Manolo García conducía su coche por la carretera de Burgos cuando una furgoneta le embistió por detrás. Como vio a tiempo por el espejo retrovisor lo que se le venía encima, pudo salir ileso del empellón. Salió del coche hecho un basilisco y pudo contemplar la encarnación del concepto siniestro total en su vehículo.Del otro vehículo se bajó un moro. Y detrás del moro, un montón de moros. Manolo comenzó a gritarle al moro. Unos cuantos espontáneos se sumaron a su queja. Una señora, que declaró ser madre, se abalanzó sobre el moro primero y le abofeteó. Llegaron dos guardias civiles y le montaron al moro una de cuidado. Llegó una grúa y le pidió al moro una cantidad astronómica por llevarle el coche al taller.
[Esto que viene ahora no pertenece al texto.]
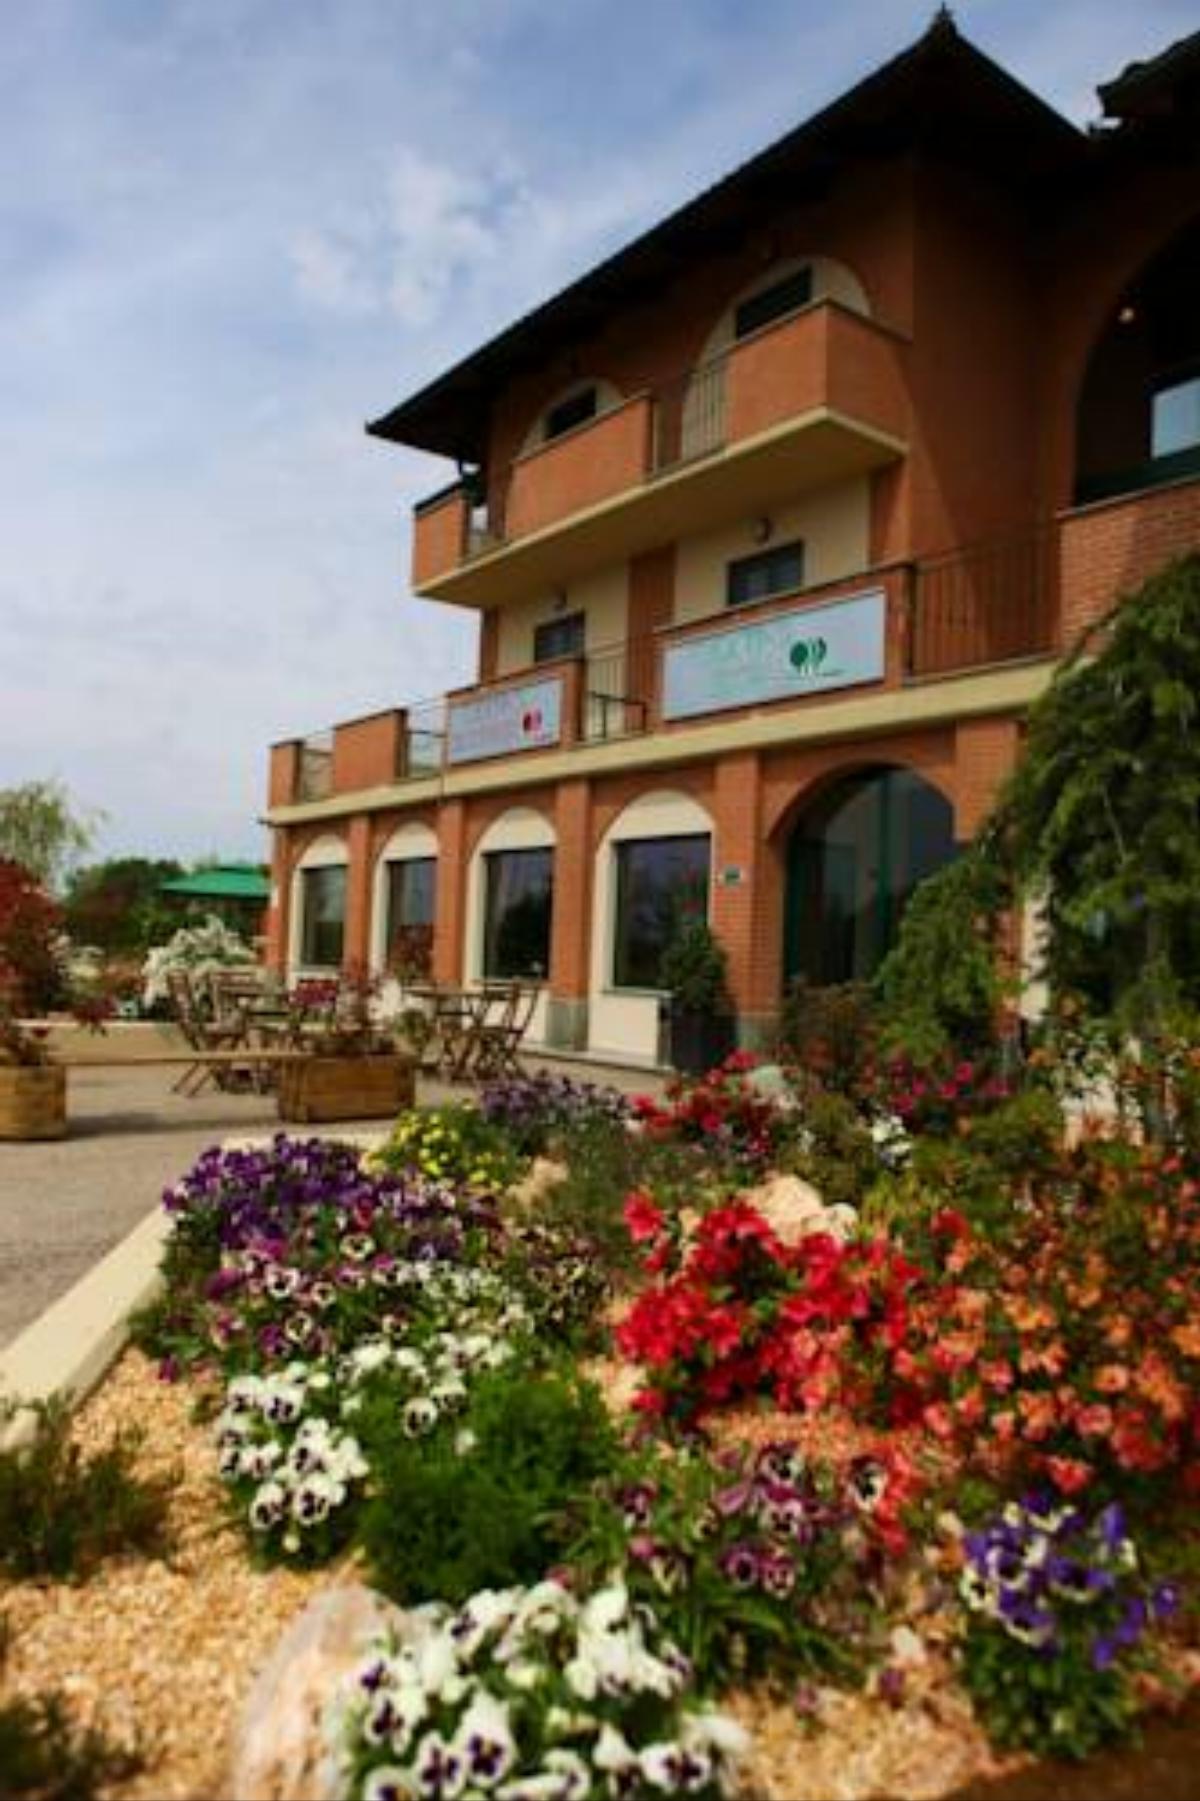 Best Quality Hotel Candiolo Hotel Candiolo Italy
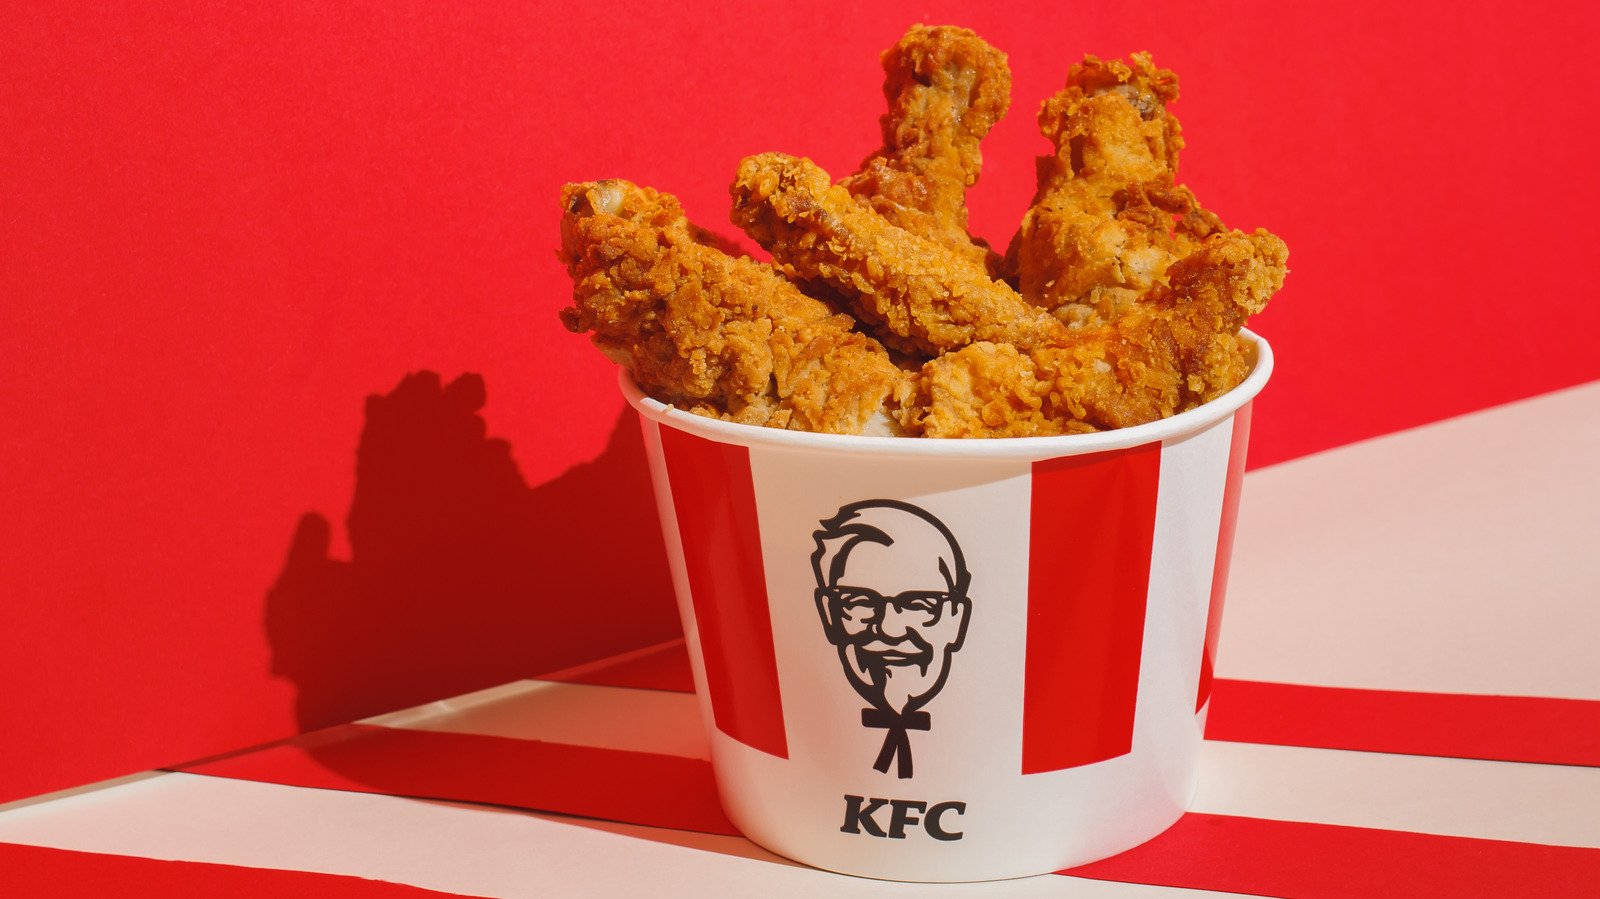 The KFC Xbox Controller You Never Knew Existed

El moro y los demás moros comenzaron a sentir que el mundo se les había echado encima.

Manolo García, que estaba hecho un basilisco, no tuvo más remedio que interponerse entre la madre y el moro, pedirles a los guardias su identificación y amenazarles con una denuncia, y explicarle al de la grúa que como le facturara lo dicho al moro se le iba a caer el pelo.

El moro acabó refugiado, con toda su familia, tras las anchas espaldas de Manolo.

Manolo acabó harto de la bronca. Sin coche y sin poder montarle al moro el lío que el moro se merecía por ir a demasiada velocidad en una caravana de fin de semana.

Manolo está hasta las narices de que no le dejen enfadarse con un moro, ni con un negro, ni con un sudaca. Porque, cada vez que se enfada con uno, acaba teniendo que defenderle de los que le dan la razón.

Manolo y yo pedimos públicamente que se nos conceda el derecho a llamar hijoputa a un moro como si fuera un hijoputa alemán de raza aria. Pedimos que nadie nos ayude.